Sunday, December 18, 2011

year's end lists

So I read the lists of "year's best" whatevers this time of year, & inevitably feel out of it, behind the times, fuddy-duddyesque, etc. And I read the excellent Steve Evans's "attention span" feature on his Third Factory, where he solicits people to name their current notable reading, and I inevitably feel out of it, behind the times, etc. But for what it's worth, here's some notables that I've read over 2011 – not a year, I'm afraid, that I'm in any hurry to revisit.

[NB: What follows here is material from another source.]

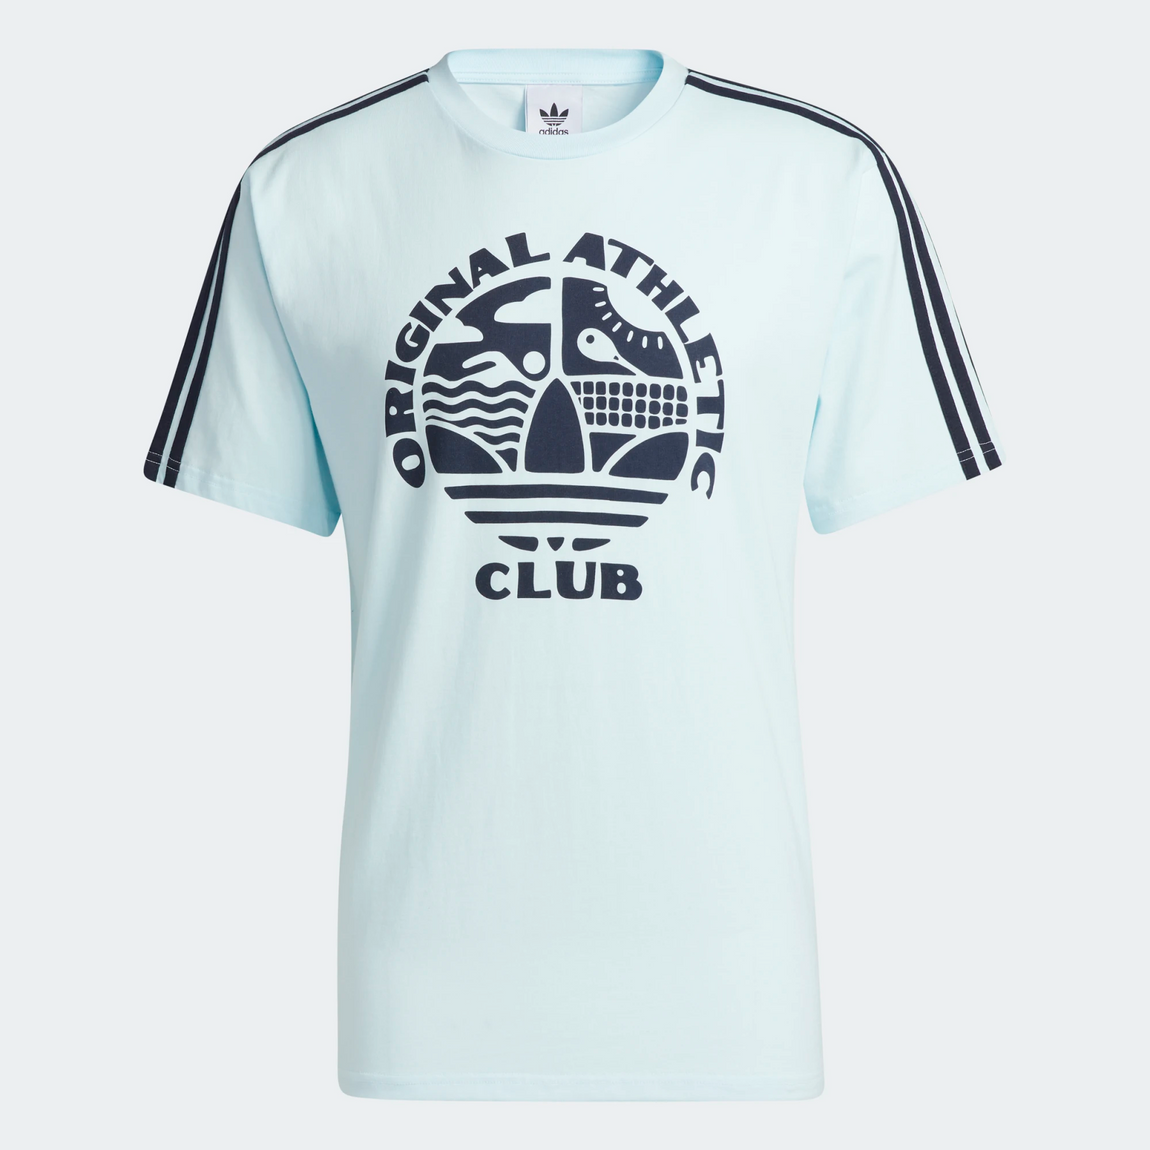 Adidas OAC 3-Stripes Tee (Almost Blue/Legend Ink) - Adidas OAC 3-Stripes Tee (Almost Blue/Legend Ink) -

While I revisited a lot of biography in the Spring teaching a biography seminar (Claire Tomalin's Pepys, Ray Monk's Wittgenstein, James Miller's Foucault, etc.), I haven't read many memorable biographies this past year; standouts were I suppose Ian Hamilton A Gift Imprisoned: The Poetic Life of Matthew Arnold and Ralph Maud's cranky Charles Olson at the Harbor, something of an anti-biography – more specifically, an anti-Tom Clark biography.

History/intellectual history and philosophy were heavy on the ground, much of it on the Victorians: TW Heyck's The Transformation of Victorian Intellectual Life was eye-opening, & AN Wilson's The Victorians was great fun, and beautifully written. David Cooper's A Philosophy of Gardens, if a trifle dry, was well worth the slog.

I'm purposefully leaving out the bales of Ruskin criticism I've read this year, & singling out some titles of non-Ruskinian interest:
Ross Hair, Ronald Johnson’s Modernist Collage Poetry
Geoffrey Hill, Collected Critical Writings
Michael Löwy and Robert Sayre, Romanticism Against the Tide of Modernity
A. D. Nuttall, Dead from the Waist Down: Scholars and Scholarship in Literature and the Popular Imagination
(The Nuttall book officially counts as an intellectual romp; from the Casaubon of Middlemarch to Mark Pattison, his supposed model, to Pattison's own scholarly interest, the early modern humanist Isaac Casaubon.)

I read more fiction than usual, for whatever reasons – comfort food, I suppose. Much of it was ephemeral in the worst sense: reread trashy science fiction & fantasy from my junior high years; stacks of HG Wells and Jules Verne. I did read Erskine Childers's The Riddle of the Sands, which I highly recommend. And after being prodded to read Penelope Fitzgerald's The Blue Flower by more than one poet friend, I finally buckled down and did so, only to find it transcendently beautiful & deeply moving. So of course I read four more Fitzgerald books: each one different, each one perfect of its kind: Offshore, The Bookshop, The Gate of Angels, and The Golden Child.

And then there's poetry. This was the year of the anthologies, two of which I read straight thru – Christopher's Ricks's Oxford Book of English Verse and John Dixon Hunt's Oxford Book of Garden Verse – and several others I'm at various stages of. But these were a few of the outstanding titles – but only a few – among the maybe 80 or 90 collections of poetry I read for the first time this year:
Rae Armantrout, Money Shot
Dan Beachy-Quick, This Nest, Swift Passerine
Caroline Bergvall, Meddle English
Sean Bonney, The Commons
Cyrus Console, The Odicy
Chris Glomski, The Nineteenth Century and Other Poems
Geoffrey Hill, Clavics
Joseph Lease, Testify
John Matthias, Trigons
Lisa Robertson, R’s Boat
Jay Wright, Polynomials and Pollen: Parables, Proverbs, Paradigms, and Praise for Lois
Astonishingly enough, I seem to have read thru ten volumes of the Library Edition of Ruskin this year. But for some inexplicable reason, that fact doesn't do much to lift me out of my current slough of despond.

2 comments:

undine said...

Thanks for posting these suggestions, especially the endorsement for _The Victorians_, which sounds like fun.

bill sherman said...

hmmm..Ralph Maud's Olson bio isn't really anti-Tom Clark, just anti-Tom Clark's bio of Olson, most specifically the TONE of Clark's book.